[Data entries]
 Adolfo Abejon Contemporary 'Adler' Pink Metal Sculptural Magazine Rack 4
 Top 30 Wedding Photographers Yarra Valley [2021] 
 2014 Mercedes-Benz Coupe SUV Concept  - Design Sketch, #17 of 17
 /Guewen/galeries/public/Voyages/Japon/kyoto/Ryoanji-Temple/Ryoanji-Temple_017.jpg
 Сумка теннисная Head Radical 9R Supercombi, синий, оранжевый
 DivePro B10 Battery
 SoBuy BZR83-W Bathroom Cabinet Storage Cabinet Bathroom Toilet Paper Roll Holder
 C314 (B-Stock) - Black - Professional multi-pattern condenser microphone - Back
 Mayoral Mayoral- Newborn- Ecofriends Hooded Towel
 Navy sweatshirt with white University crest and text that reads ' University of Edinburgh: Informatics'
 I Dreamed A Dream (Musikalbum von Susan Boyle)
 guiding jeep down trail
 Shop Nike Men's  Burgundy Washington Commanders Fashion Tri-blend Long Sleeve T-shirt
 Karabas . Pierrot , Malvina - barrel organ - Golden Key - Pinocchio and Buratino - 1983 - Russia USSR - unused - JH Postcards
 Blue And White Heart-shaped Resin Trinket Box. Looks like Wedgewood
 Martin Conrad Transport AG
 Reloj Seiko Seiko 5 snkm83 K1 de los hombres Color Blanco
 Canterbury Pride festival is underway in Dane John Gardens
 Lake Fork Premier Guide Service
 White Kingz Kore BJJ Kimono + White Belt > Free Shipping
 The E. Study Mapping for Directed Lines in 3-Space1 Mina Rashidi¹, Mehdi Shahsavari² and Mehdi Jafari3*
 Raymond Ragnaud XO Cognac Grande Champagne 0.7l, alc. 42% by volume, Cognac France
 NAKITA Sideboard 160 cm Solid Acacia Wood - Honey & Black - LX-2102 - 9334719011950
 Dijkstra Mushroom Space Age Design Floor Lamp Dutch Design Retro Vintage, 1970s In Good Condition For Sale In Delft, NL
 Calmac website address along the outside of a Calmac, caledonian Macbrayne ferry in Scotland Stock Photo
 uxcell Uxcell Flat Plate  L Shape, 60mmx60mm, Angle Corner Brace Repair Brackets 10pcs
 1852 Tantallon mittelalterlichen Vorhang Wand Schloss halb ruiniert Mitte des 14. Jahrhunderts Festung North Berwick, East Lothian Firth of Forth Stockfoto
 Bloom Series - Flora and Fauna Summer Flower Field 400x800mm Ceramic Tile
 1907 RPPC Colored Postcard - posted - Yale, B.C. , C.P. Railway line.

* _Task prompt_
Beginning at the line with "The E. Study" and ending at the line with "Dijkstra Mushroom Space", reproduce each line of the data above exactly, and add no other lines.

* _Result_
 The E. Study Mapping for Directed Lines in 3-Space1 Mina Rashidi¹, Mehdi Shahsavari² and Mehdi Jafari3*
 Raymond Ragnaud XO Cognac Grande Champagne 0.7l, alc. 42% by volume, Cognac France
 NAKITA Sideboard 160 cm Solid Acacia Wood - Honey & Black - LX-2102 - 9334719011950
 Dijkstra Mushroom Space Age Design Floor Lamp Dutch Design Retro Vintage, 1970s In Good Condition For Sale In Delft, NL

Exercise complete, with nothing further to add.